■ **THE TASK**: Lines in the listing that hold the string "vehicle" need to be tallied, and the total given alone.

** Opening DATASET CONTENT block **

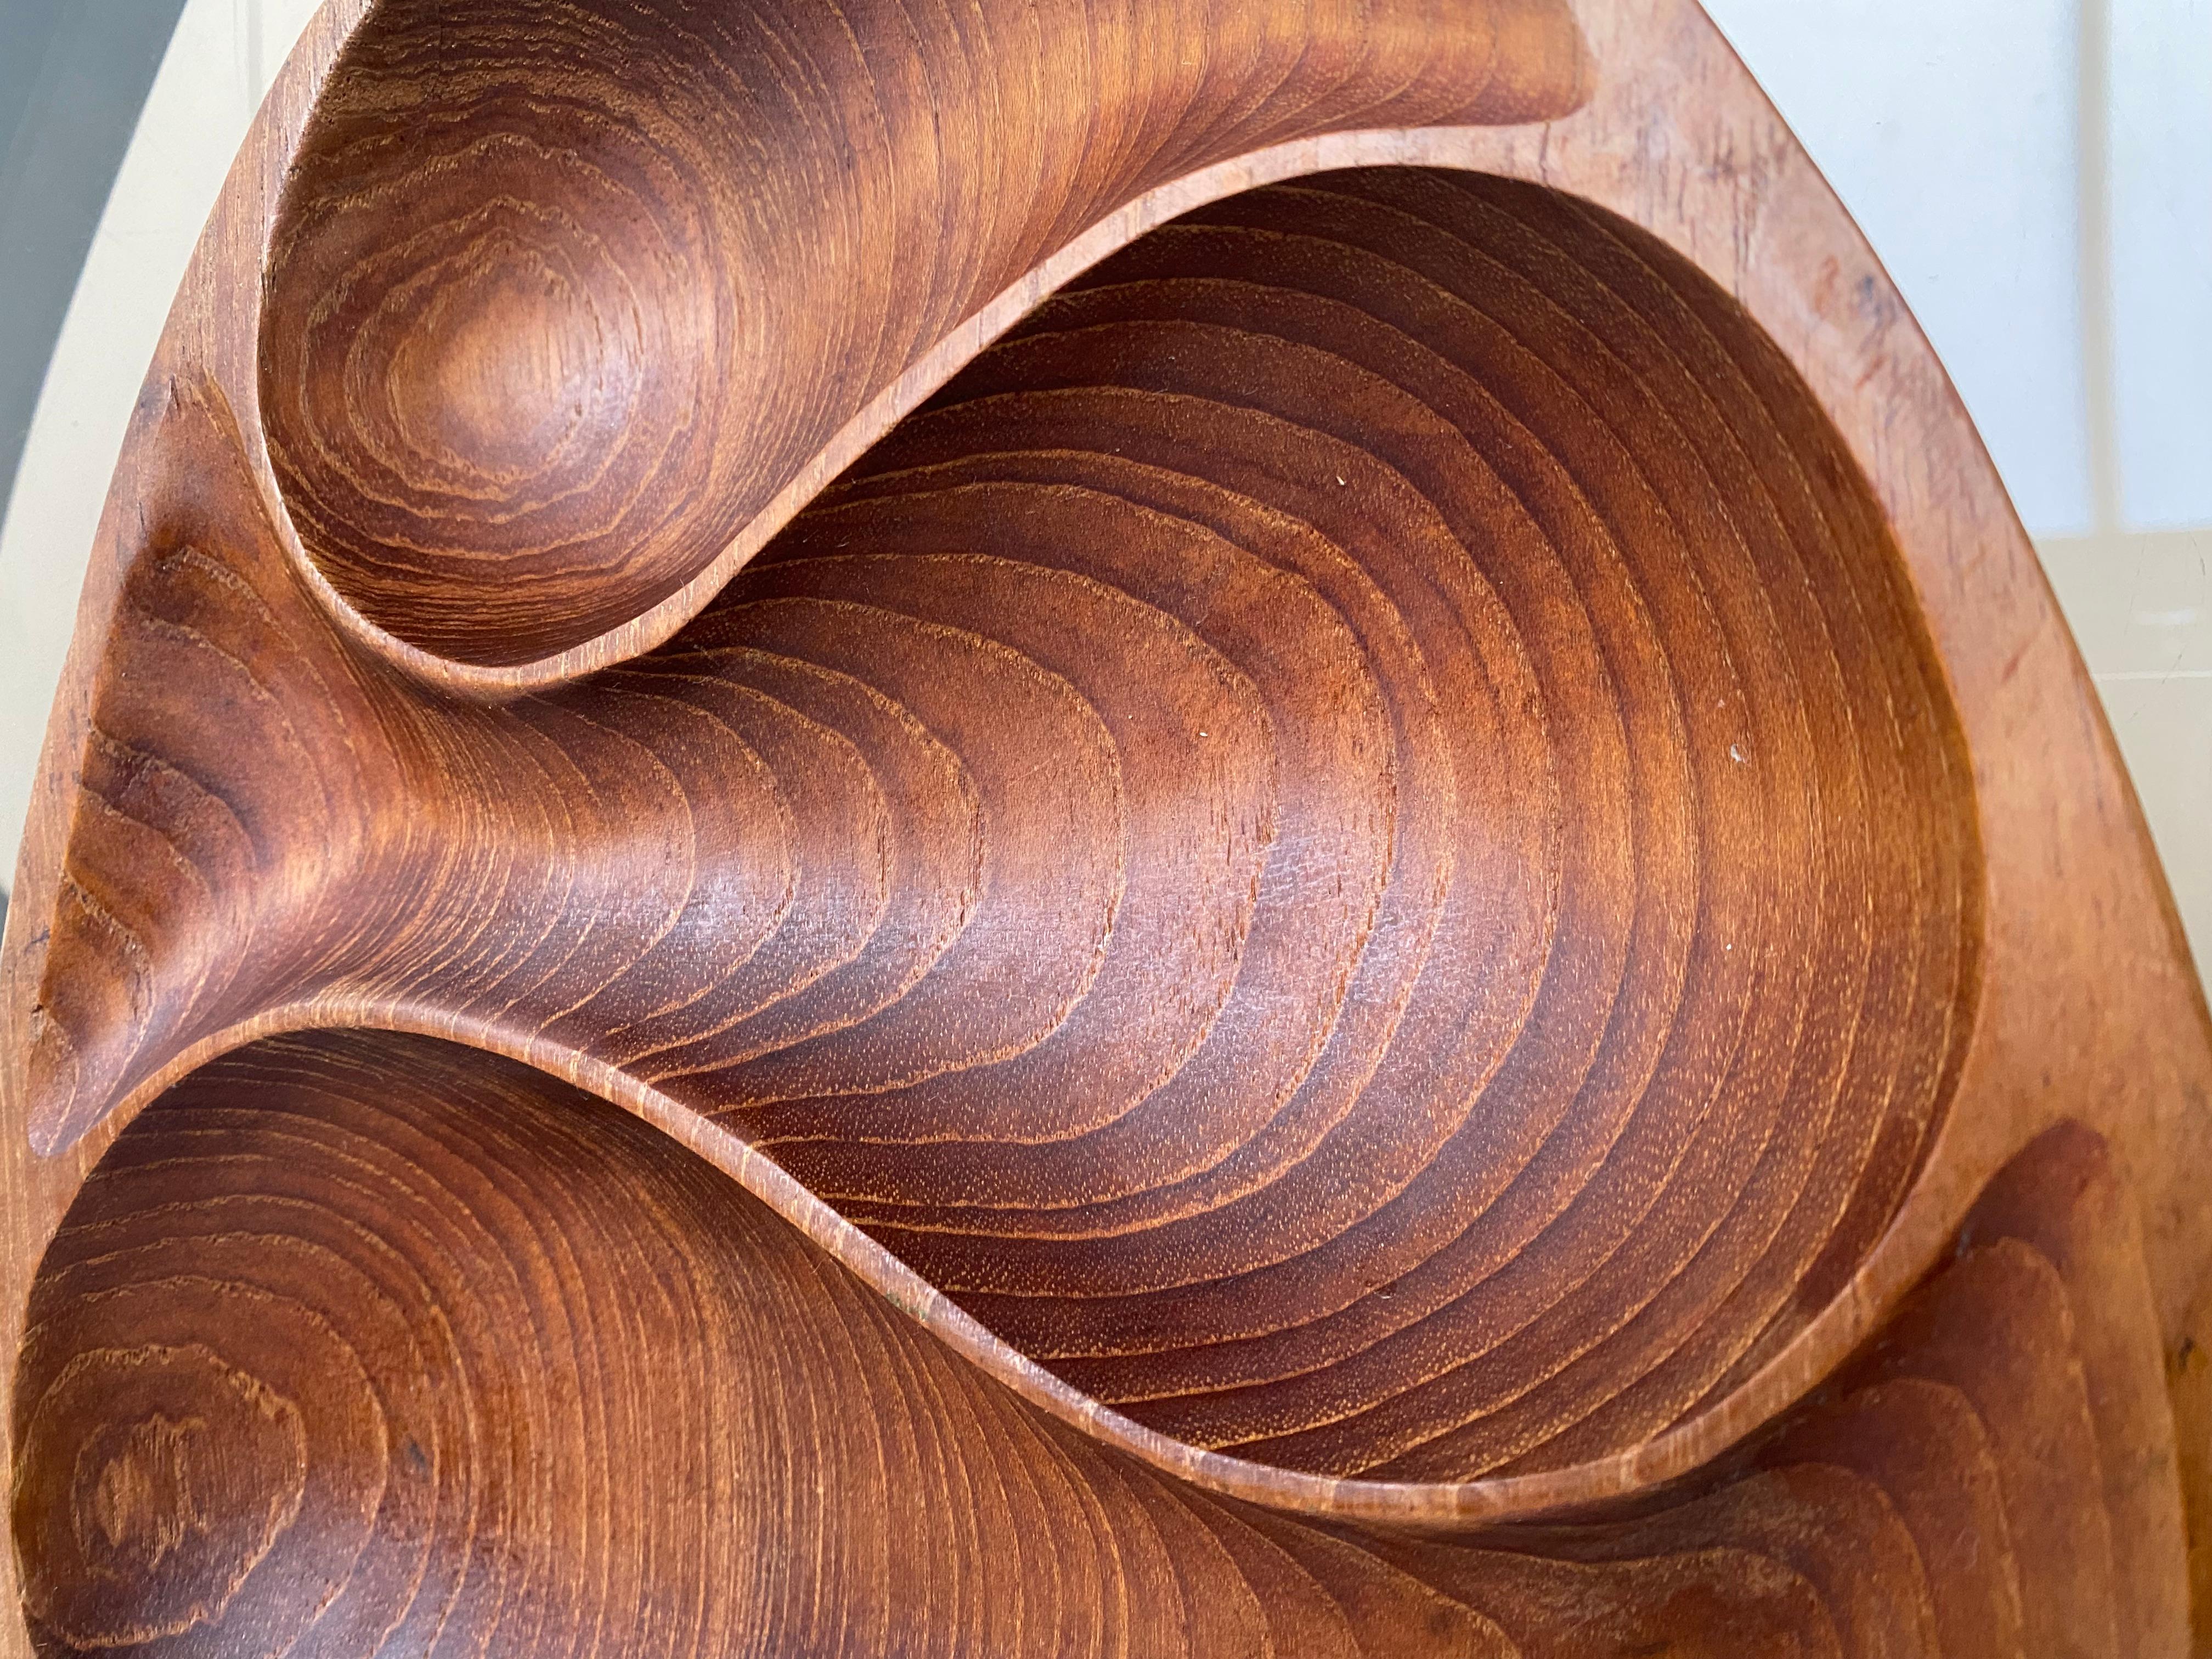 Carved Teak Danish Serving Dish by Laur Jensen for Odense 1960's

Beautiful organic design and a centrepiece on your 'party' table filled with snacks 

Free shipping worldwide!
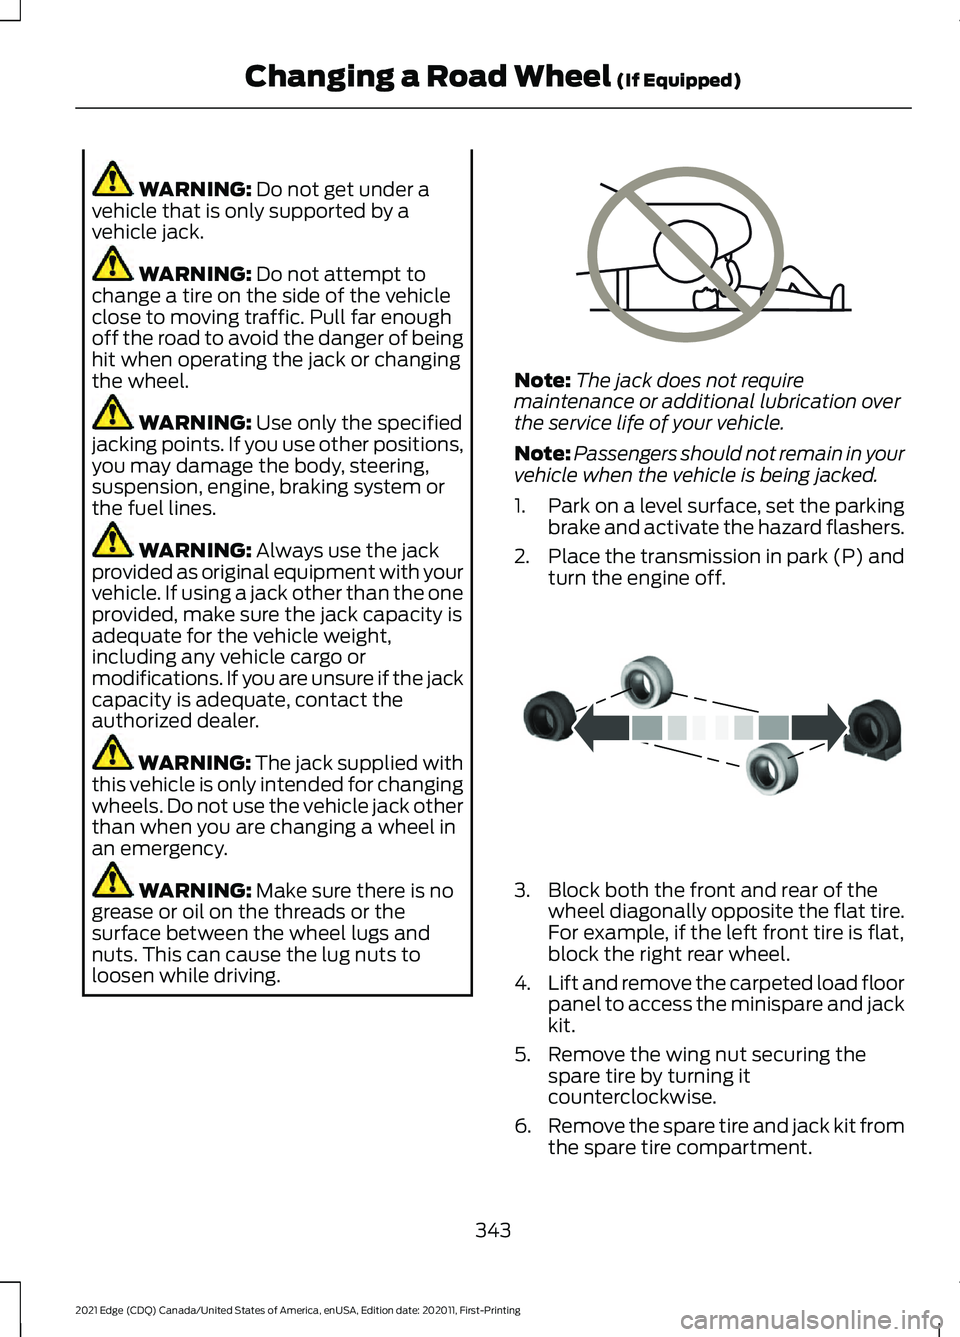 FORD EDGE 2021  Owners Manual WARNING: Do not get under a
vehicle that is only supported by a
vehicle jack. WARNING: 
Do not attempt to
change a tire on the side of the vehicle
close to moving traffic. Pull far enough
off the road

** Closing DATASET CONTENT block **

■ **YOUR SOLUTION**: 3